EXERCISE OBJECTIVE
Quote all lines below exactly. Images stay out.

RECORDED INFORMATION

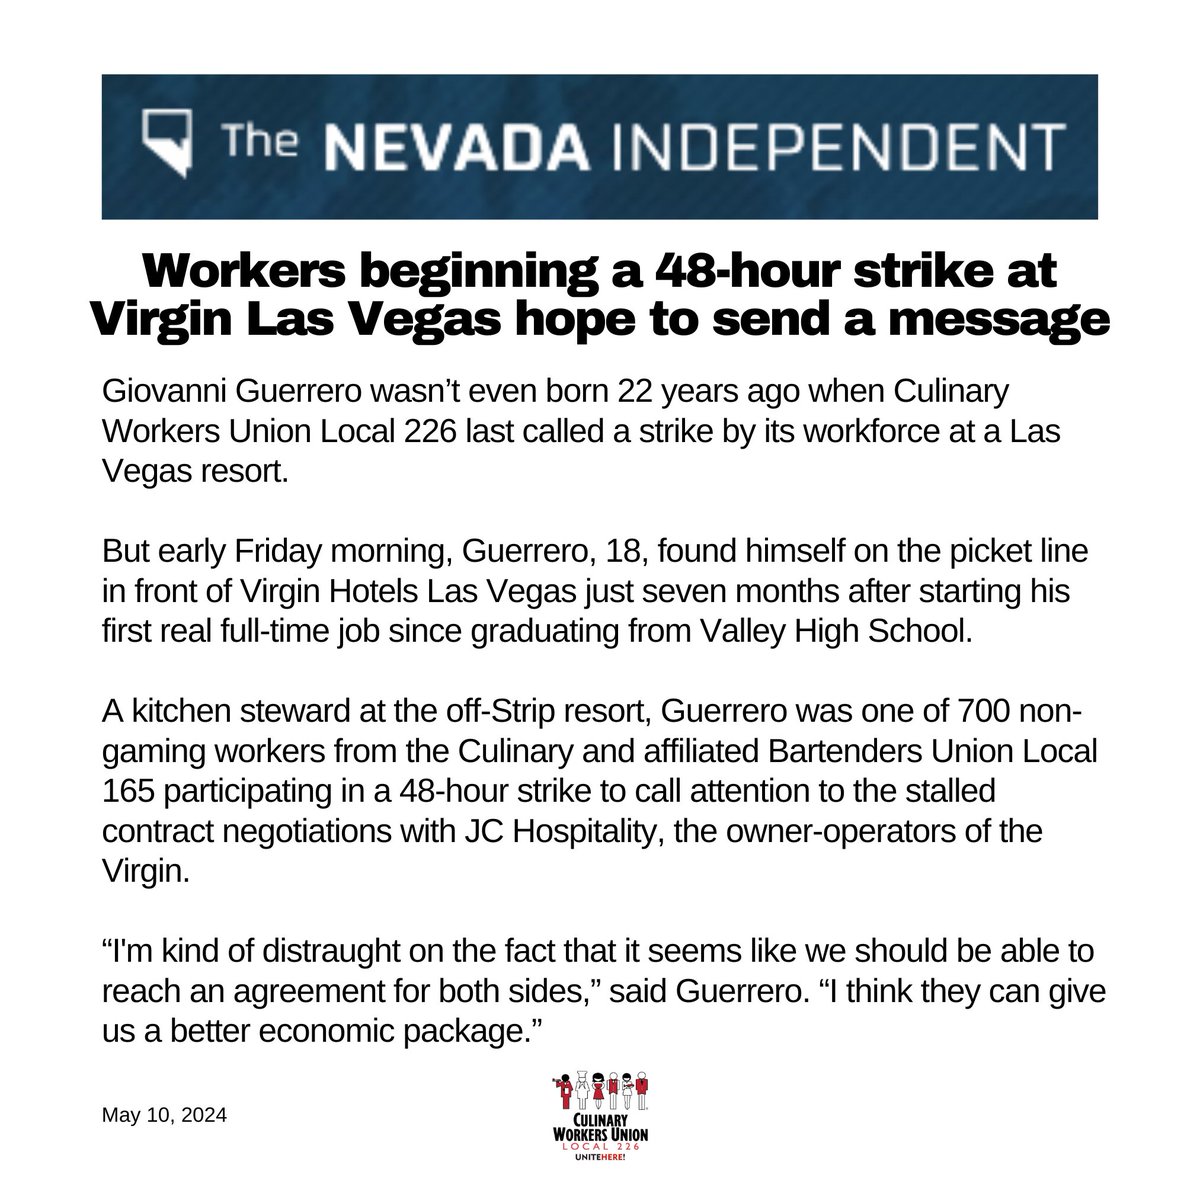 Guerrero was one of 700 non-gaming workers from the Culinary & Bartenders Union Local 165 participating in a 48-hour strike to call attention to the stalled contract negotiations w/JC Hospitality, owner-operators of @VirginHotelsLV. thenevadaindependent.com/article/worker… #OneJobShouldBeEnough
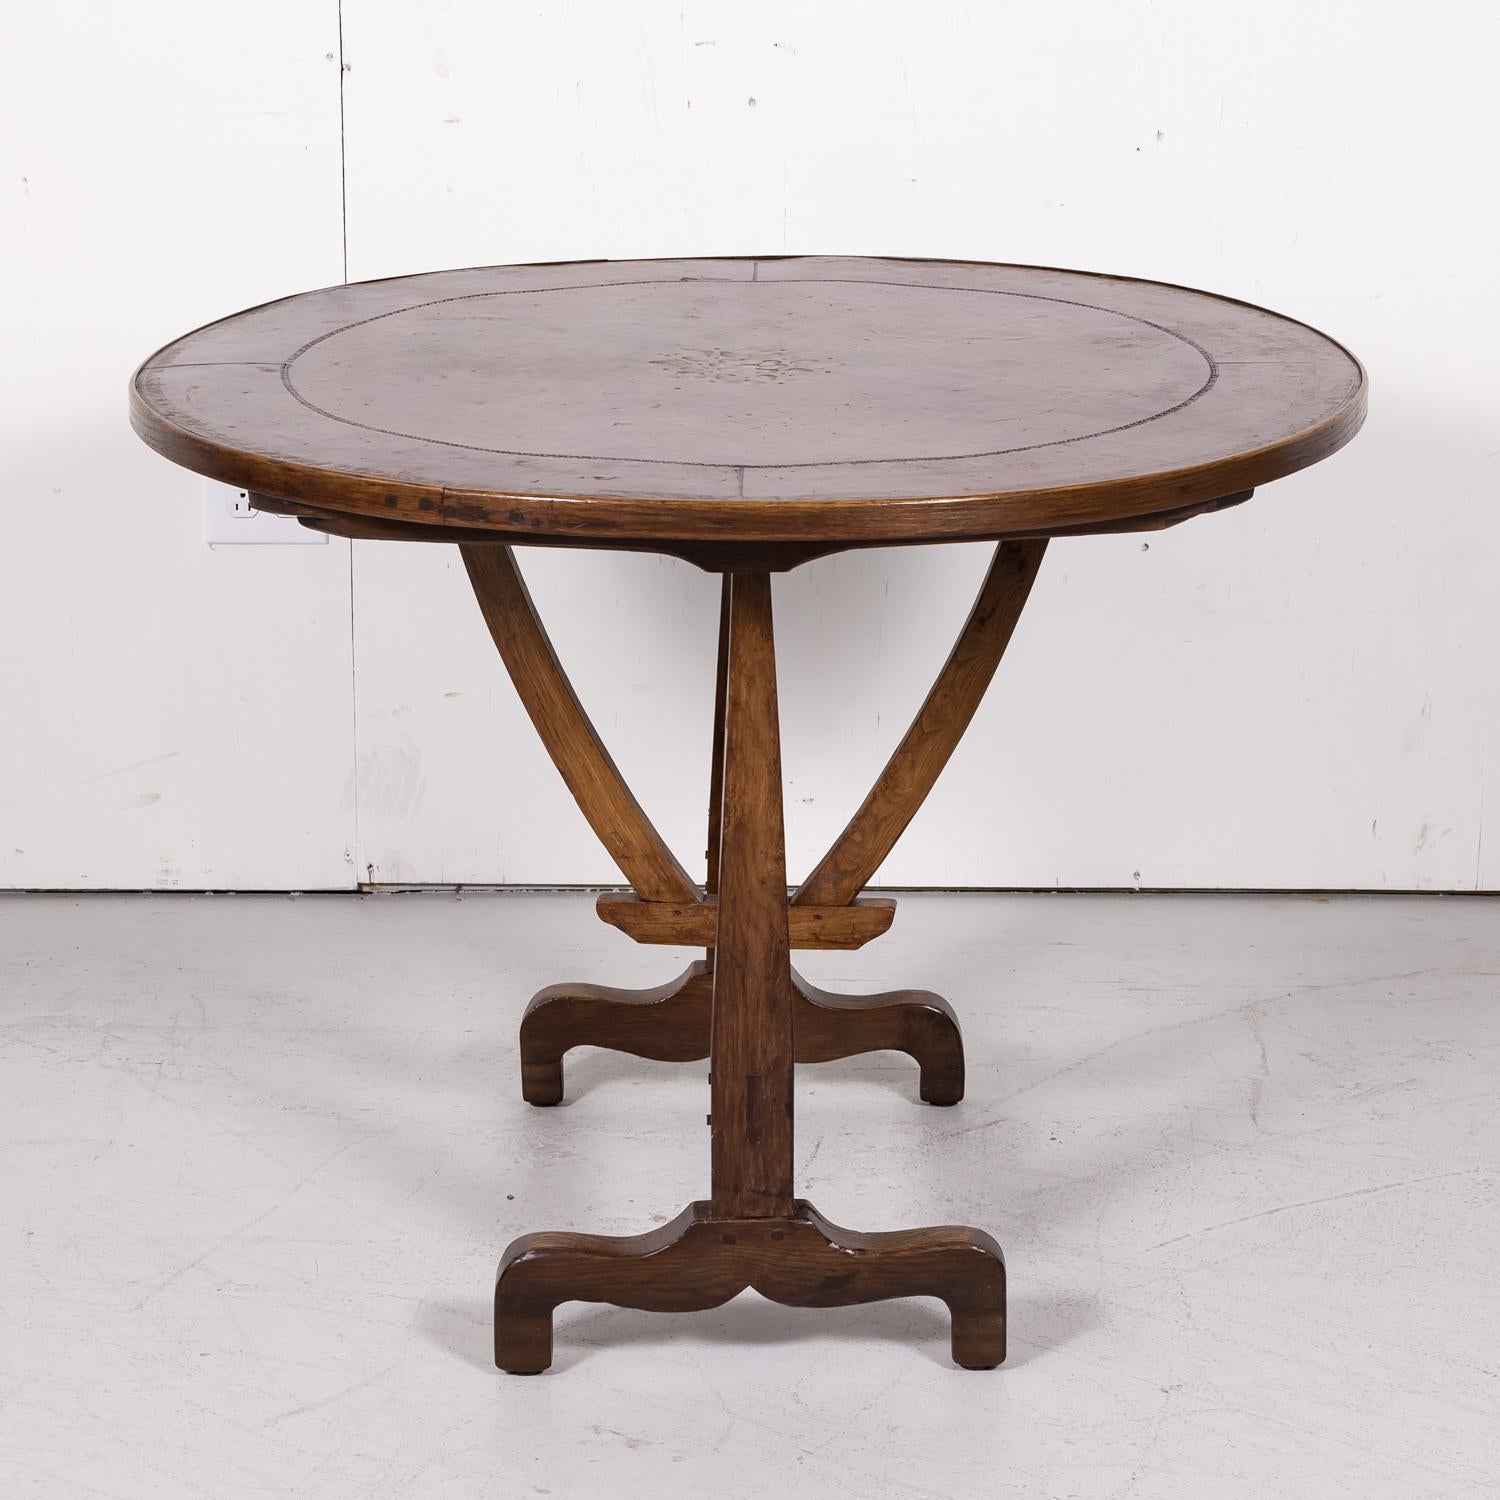 Early 19th Century Rare 19th Century French Charles X Period Tilt-Top Wine Tasting or Vendage Table
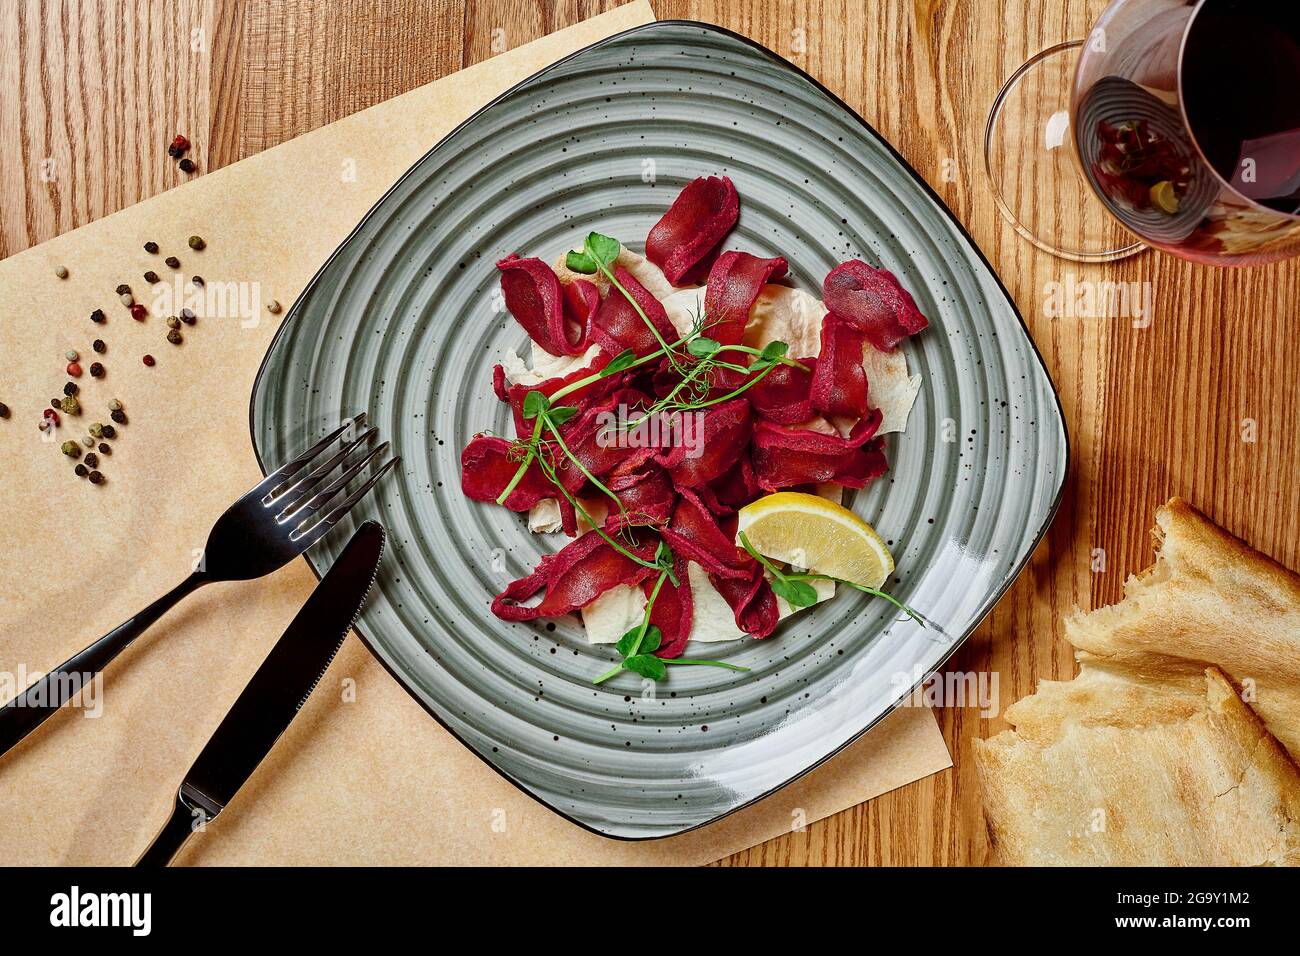 Sliced spicy air-dried basturma with flatbread and red wine Stock Photo
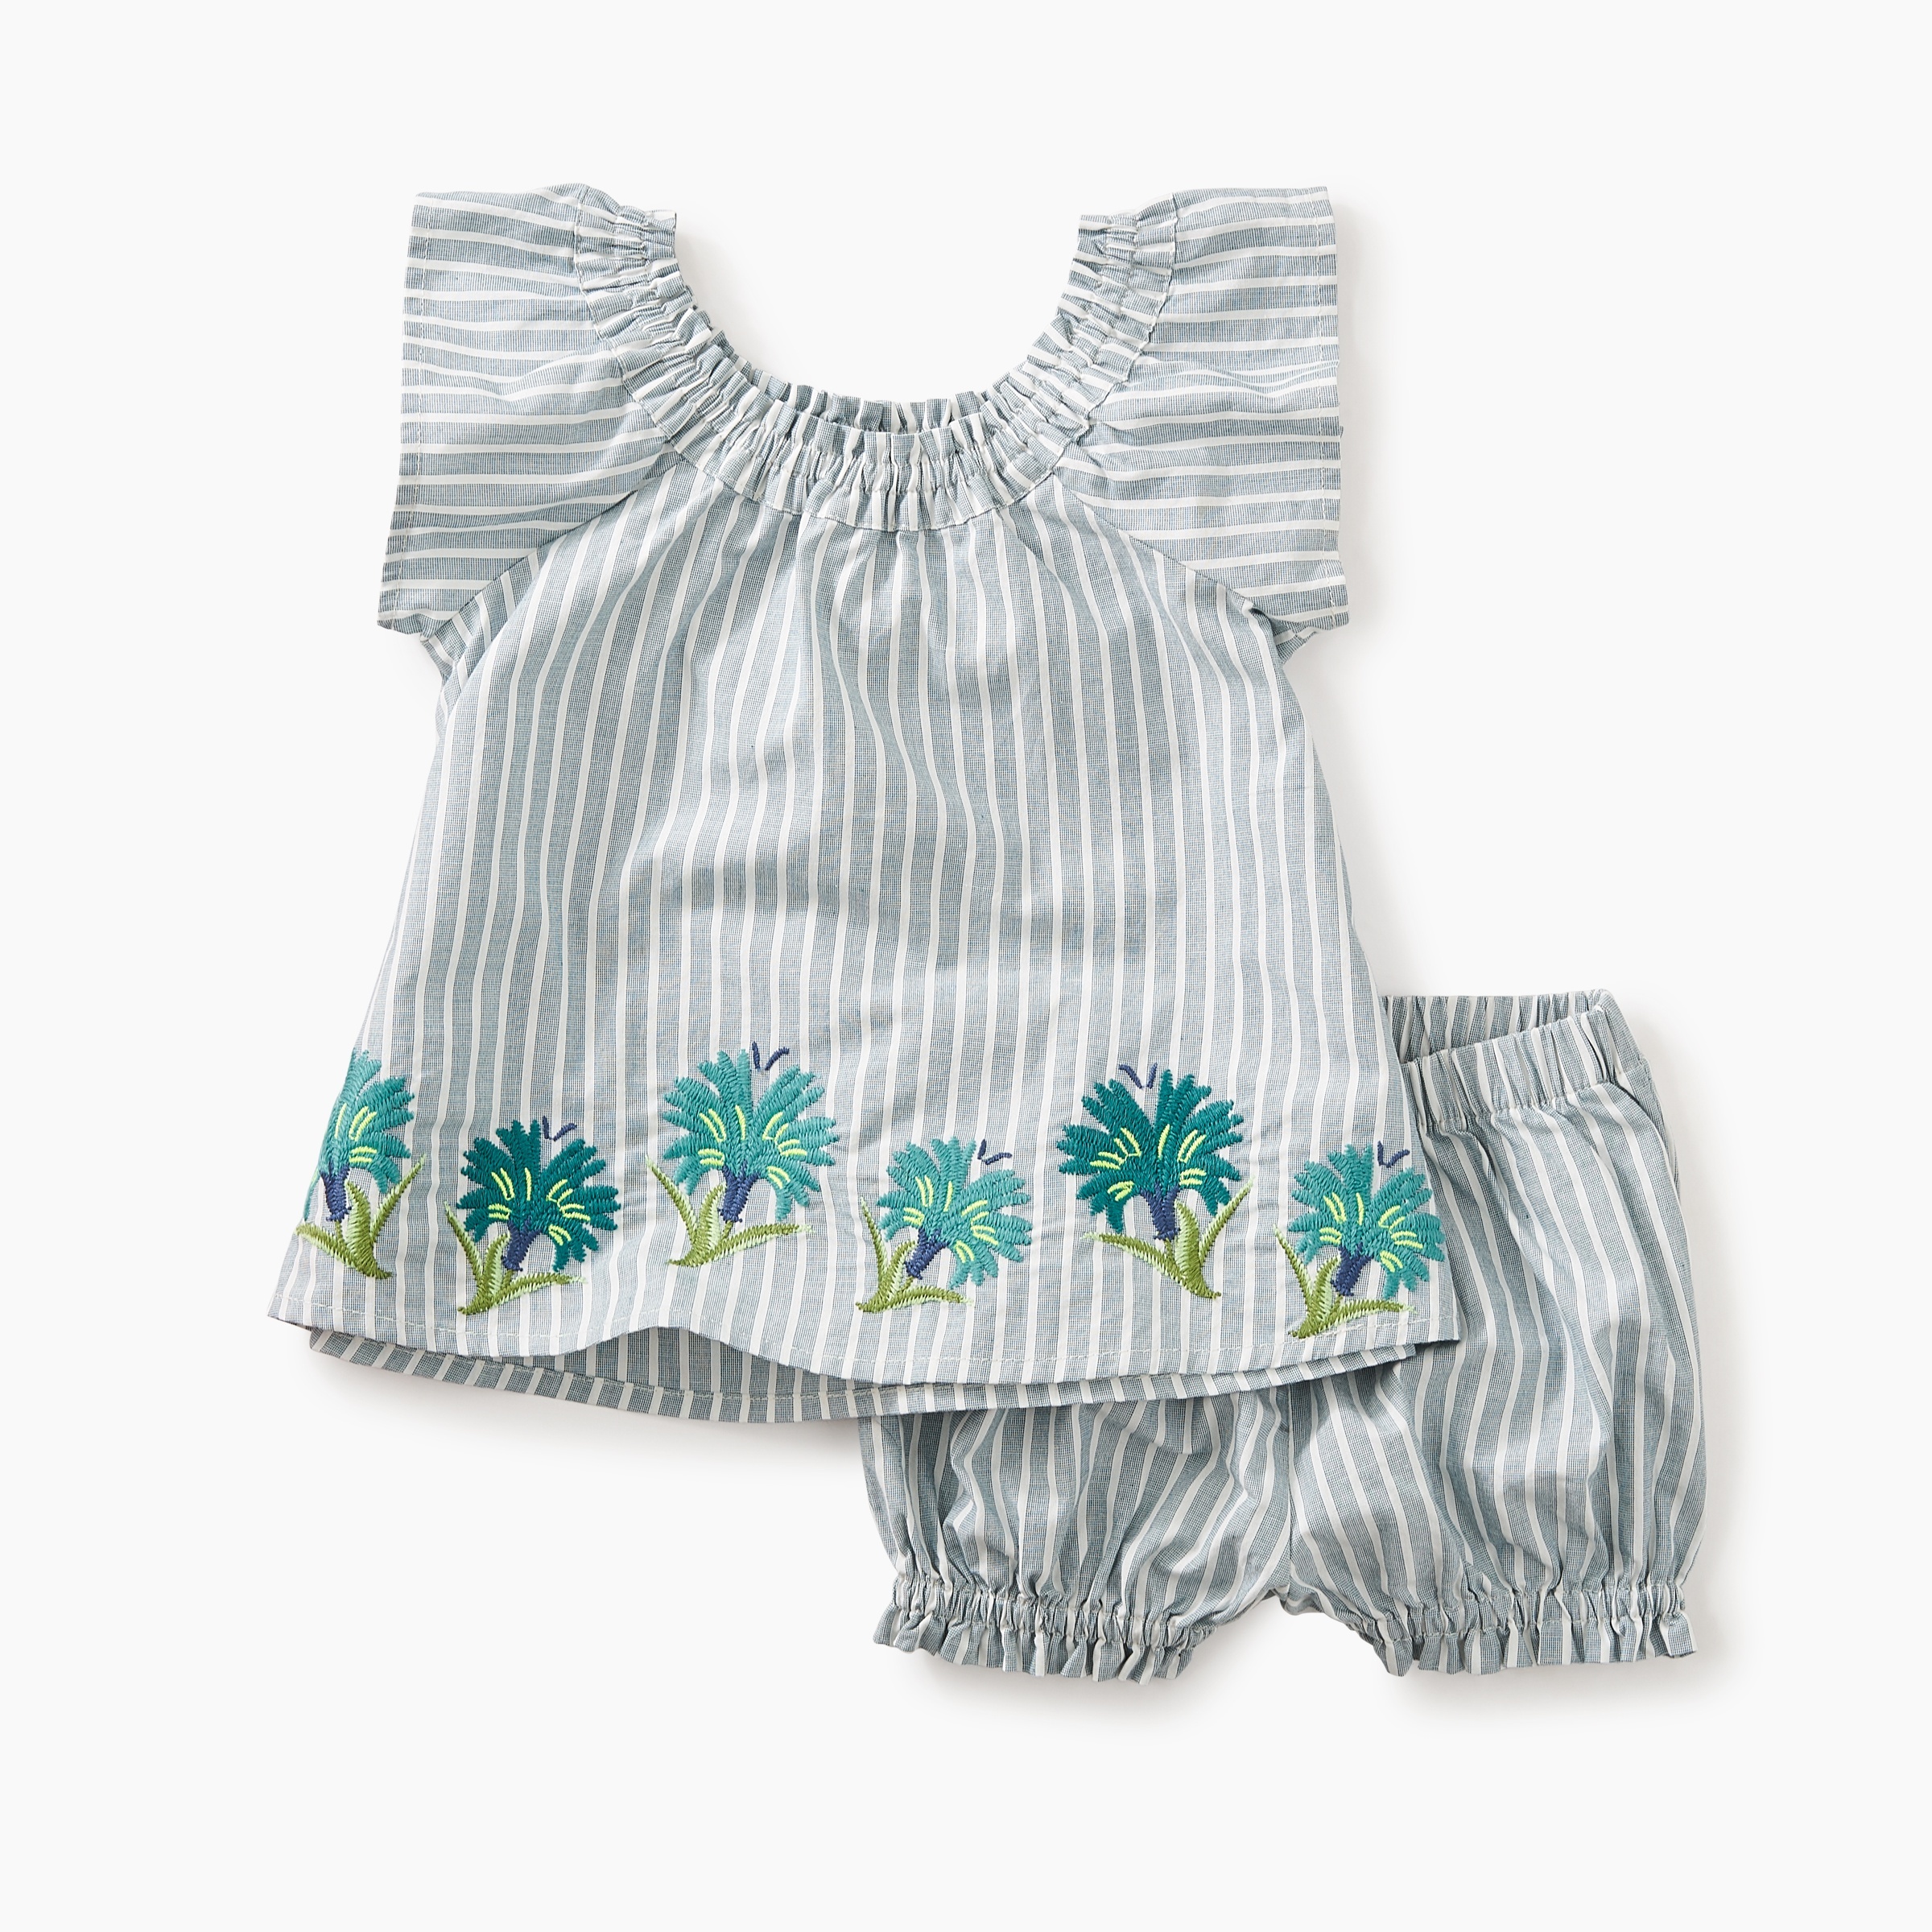 embroidered newborn outfits

RESULT BELOW
 Guerrero was one of 700 non-gaming workers from the Culinary & Bartenders Union Local 165 participating in a 48-hour strike to call attention to the stalled contract negotiations w/JC Hospitality, owner-operators of @VirginHotelsLV. thenevadaindependent.com/article/worker… #OneJobShouldBeEnough
 Early 19th Century Rare 19th Century French Charles X Period Tilt-Top Wine Tasting or Vendage Table
 Sliced spicy air-dried basturma with flatbread and red wine Stock Photo
 embroidered newborn outfits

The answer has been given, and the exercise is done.